> _DATA SEGMENT_:

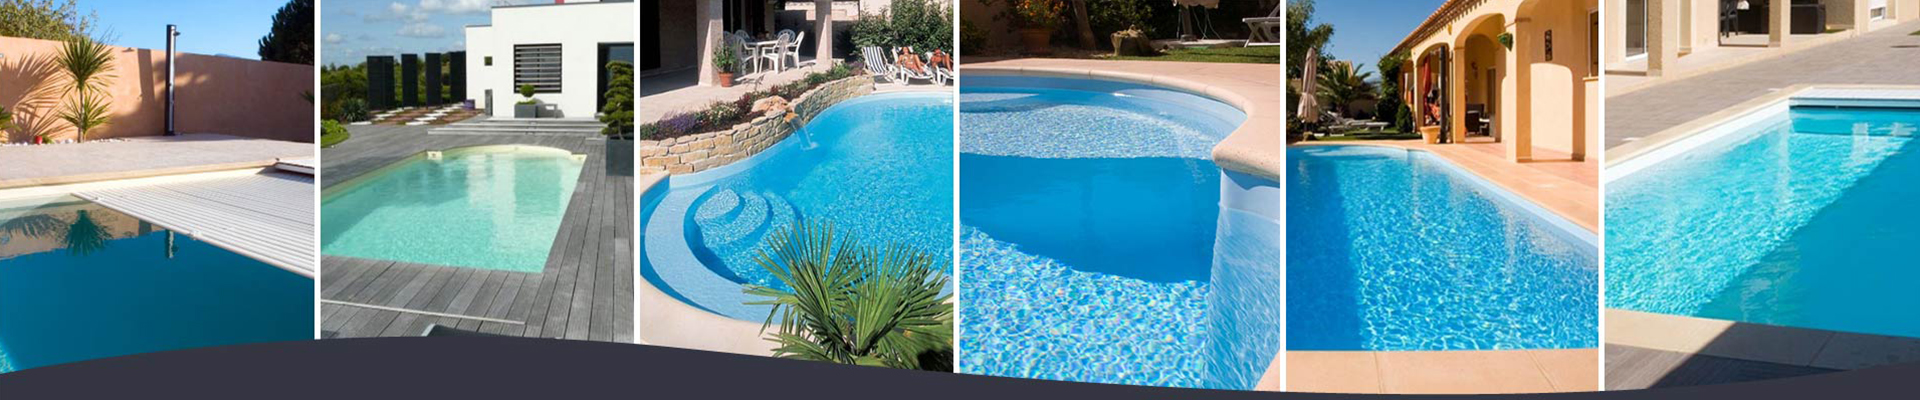 Bande photo de piscines
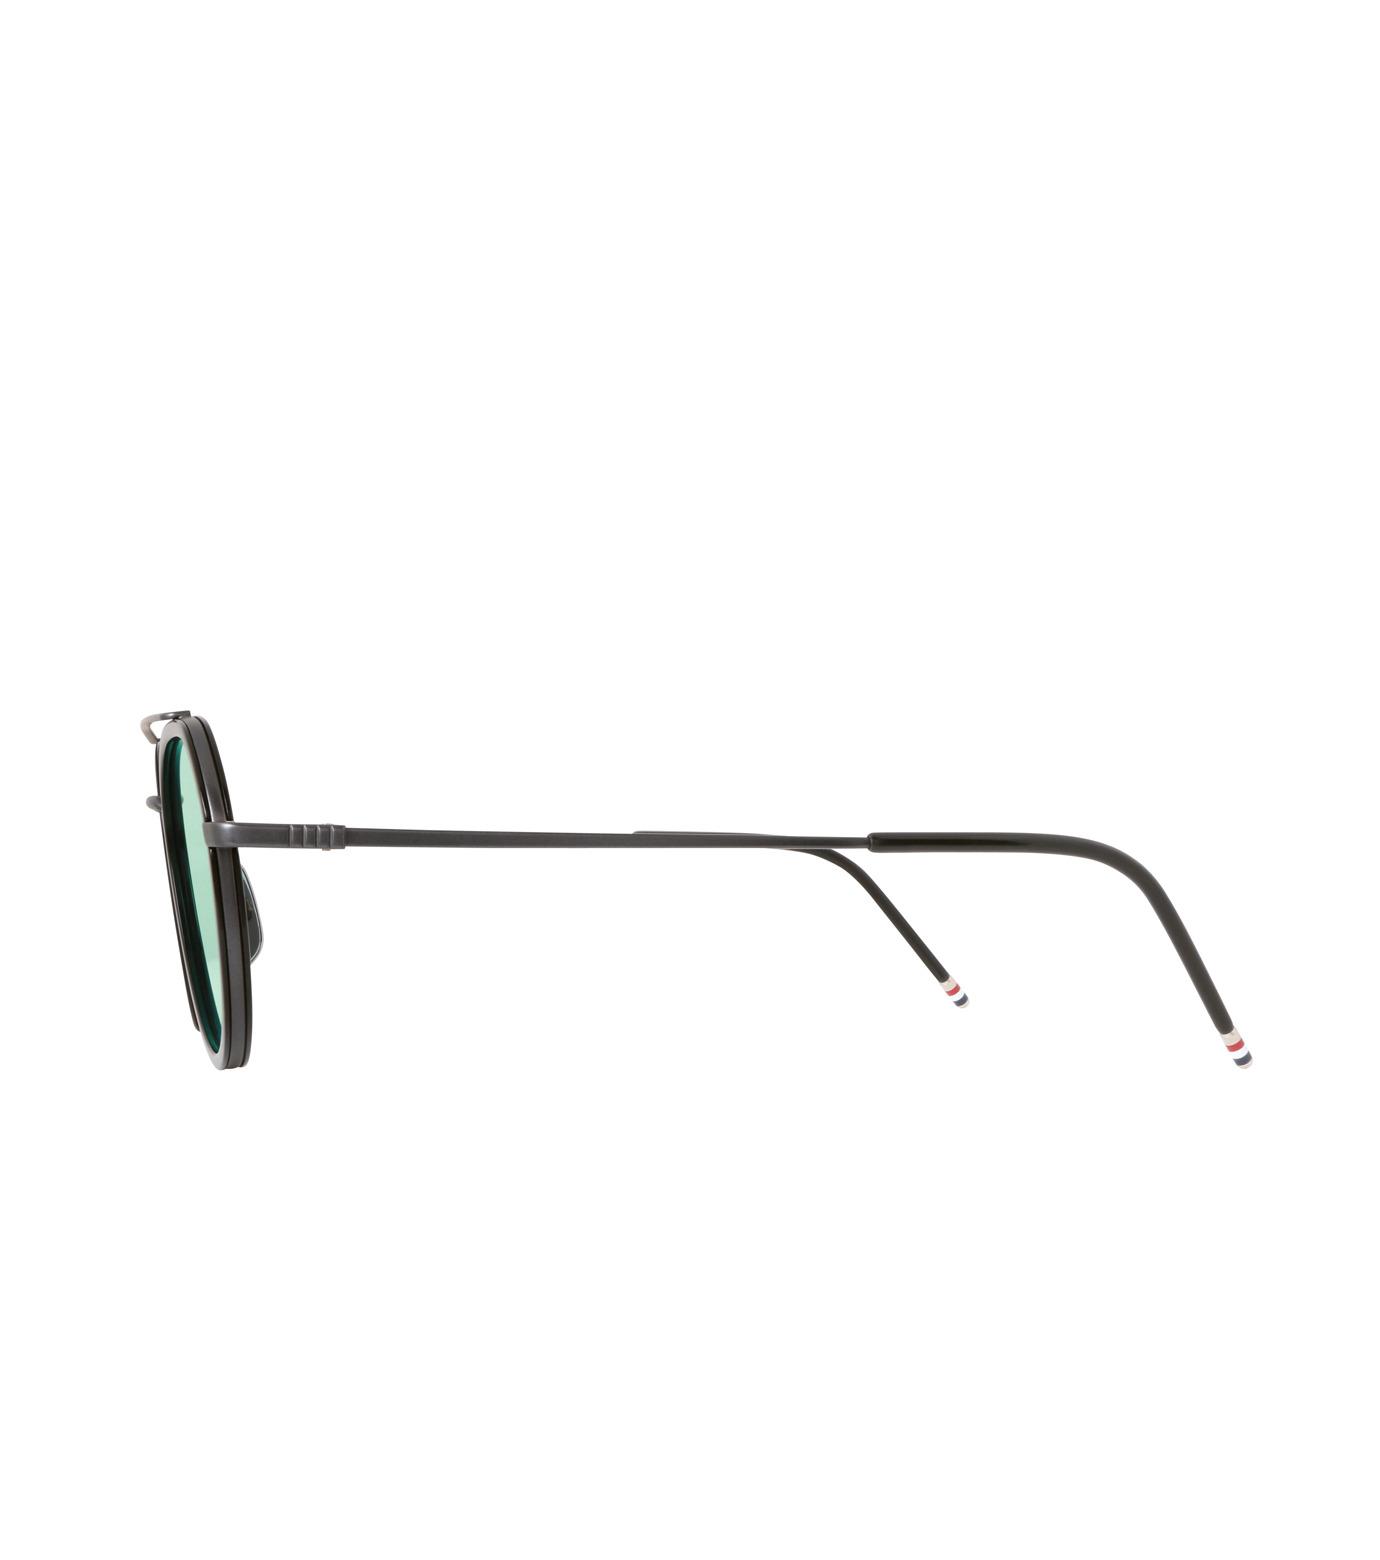 Thom Browne Eye Wear(トム・ブラウン・アイウェア)のMirror Lens Teardrop-BLACK(アイウェア/eyewear)-TB-801-F-13 拡大詳細画像2
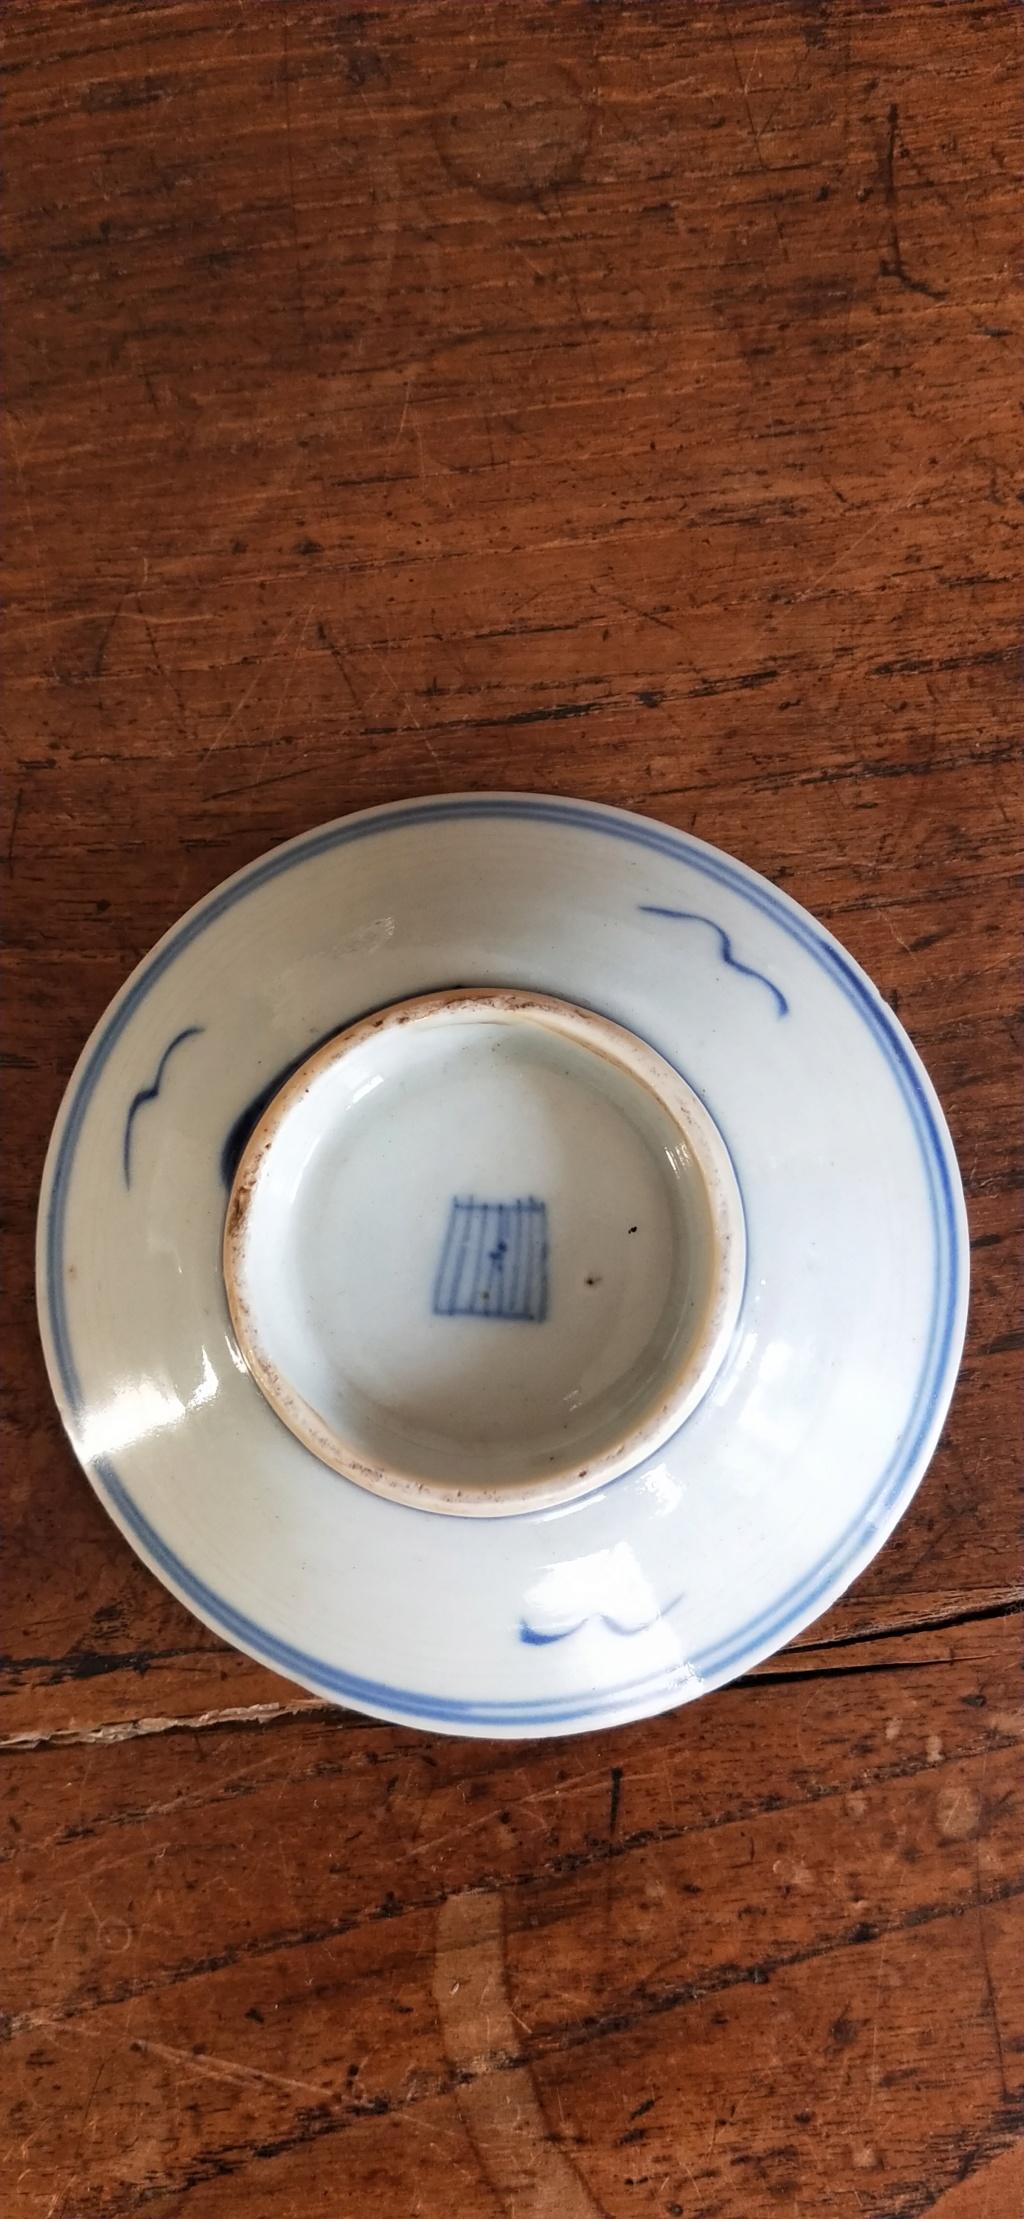 Confirmation coupelle porcelaine chinoise 19e 15753610

> _TASK DETAILS_:
Without the pictures, repeat the listing exactly as it reads.

> _SOLUTION_:
 Bande photo de piscines
 Thom Browne Eye Wear(トム・ブラウン・アイウェア)のMirror Lens Teardrop-BLACK(アイウェア/eyewear)-TB-801-F-13 拡大詳細画像2
 Confirmation coupelle porcelaine chinoise 19e 15753610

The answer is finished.